Café frío de un sorbo,sonoro portazo y a correr a enfrentarte a un nuevo día.. caras inexpresivas, ojos divagantes, cuerpos lánguidos dirigidos cuales marionetas por la mano de la rutina. Un nuevo despertar.
Dos minutos tarde y el vagón cierra sus puertas antes mi rostro gris, tuerzo el gesto y me doy cuenta que he de seguir allí, inmóvil, impaciente, dejo que transcurran tres minutos más. Prensa gratuita en mano compruebo que el mundo sigue girando cada vez de forma más rápida y casi imperceptible, lo lamentable es que siempre es en torno a las mismas cosas.
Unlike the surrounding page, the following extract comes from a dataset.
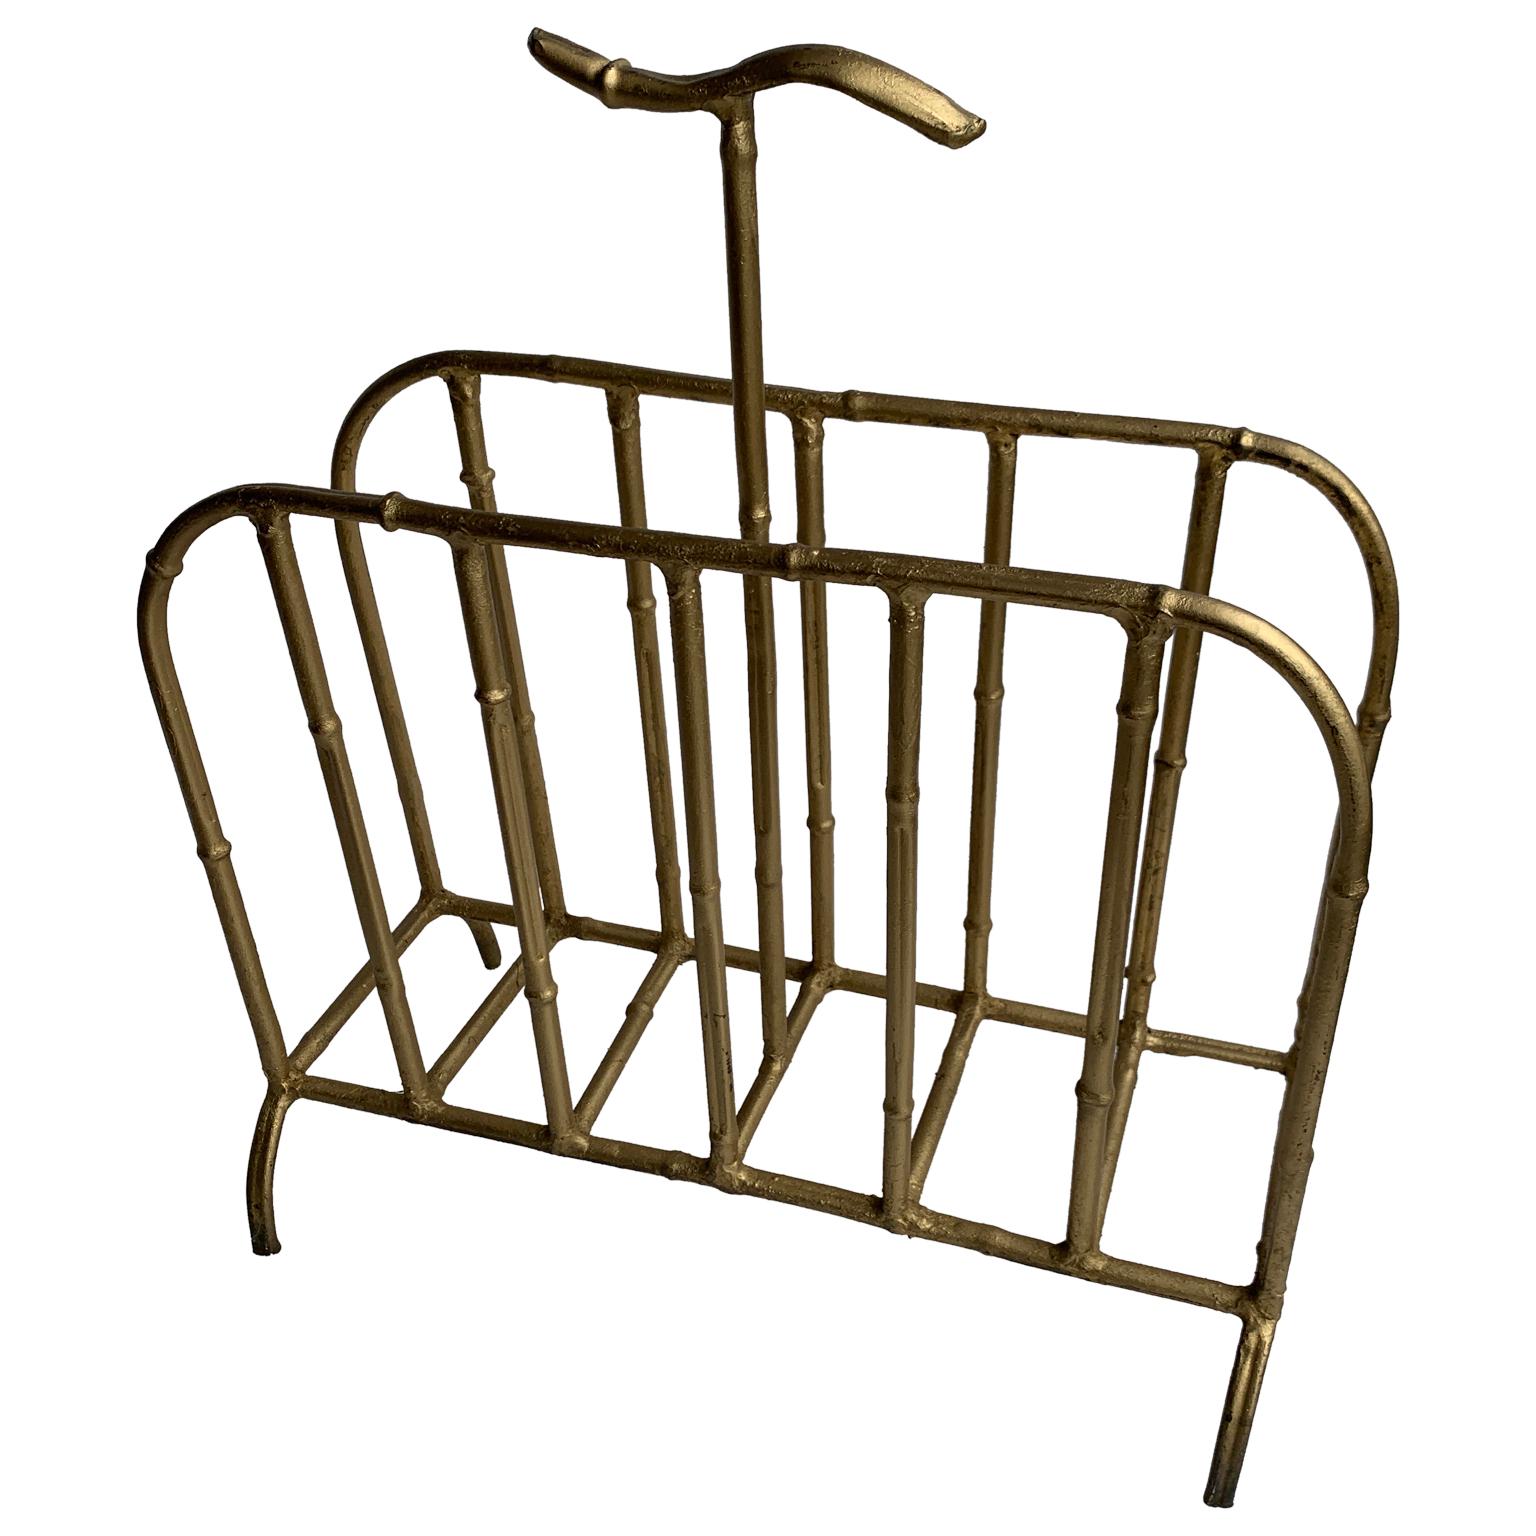 Faux-bamboo gilt-metal magazine or newspaper rack in great vintage condition.

Es increíble que el calor ya no sea tan cálido y el frío ya no sea tan gélido.
Y entre pensamientos profundos y frivolidades rosas pasan los tres minutos,subo de nuevo al vagón de la rutina arrastrándome a mi puesto de trabajo y olvidándome de ese mundo que me habían apartado del mio propio.
Me abro paso entre la gente, me aferro a mi bolso como si fuese parte de mi misma y ...
Observo como los rostros grises son más oscuros, los cuerpos lánguidos cogen fuerza, los ojos divagantes ahora fijan un objetivo.... A TOMAR POR SACO LO EXISTENCIAL.. Asiento libre al fondo.. esto es la guerra!!!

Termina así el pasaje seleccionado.